Les Foils des Trimarans de Course : Quand les Géants des Mers Apprennent à Voler

Dans les sports nautiques, la quête incessante de vitesse et d'exploration toujours plus lointaine a toujours été un moteur d'innovation. Une technologie, récemment remise au goût du jour, a permis de faire des progrès considérables sur la vitesse des voiliers : les foils. La preuve en est avec des événements majeurs comme l'ARKEA ULTIM CHALLENGE, l'une des courses autour du monde les plus récentes, qui a vu s'affronter la dernière génération de trimarans Ultim.
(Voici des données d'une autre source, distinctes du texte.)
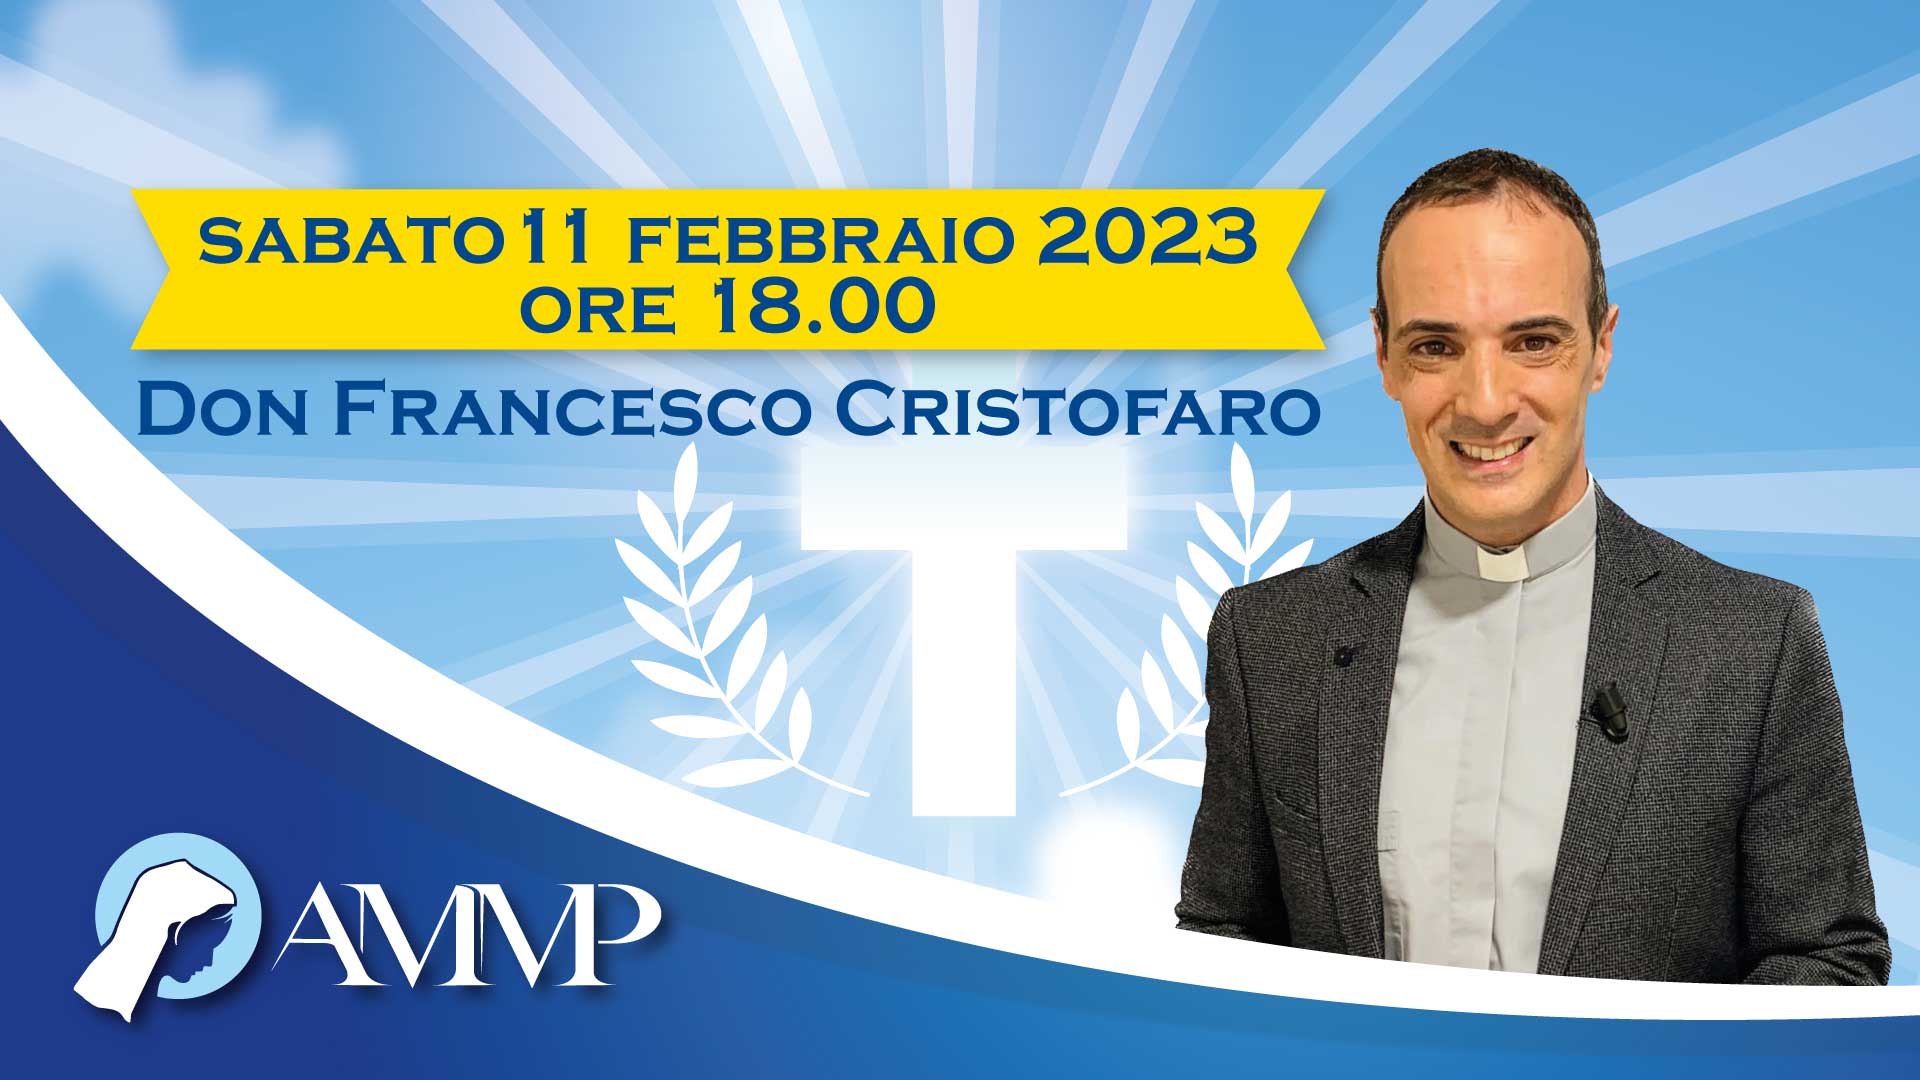 11 febbraio 2023 - incontro con Don Francesco Cristofaro

Ces voiliers gigantesques sont équipés de foils qui, à pleine vitesse, leur permettent de faire émerger l'intégralité de leur coque au-dessus de l'eau, offrant des performances autrefois inimaginables.

Qu'est-ce qu'un Foil et Comment Fonctionne-t-il ?

Un foil est un appendice immergé, un plan porteur fixé sous la coque d'un bateau. Le principe est assez semblable à celui d'une aile d'avion. Il s'agit d'imaginer que l'on place sous la coque du bateau, au bout d'un mât, une aile asymétrique à l'image d'une aile d'avion : courbe au-dessus et plate en dessous. Cette asymétrie créée une dépression au-dessus et une surpression en dessous, générant ainsi la portance permettant au bateau de s'envoler. Cette portance est exponentielle avec la vitesse : plus on va vite, plus ça pousse et plus on vole !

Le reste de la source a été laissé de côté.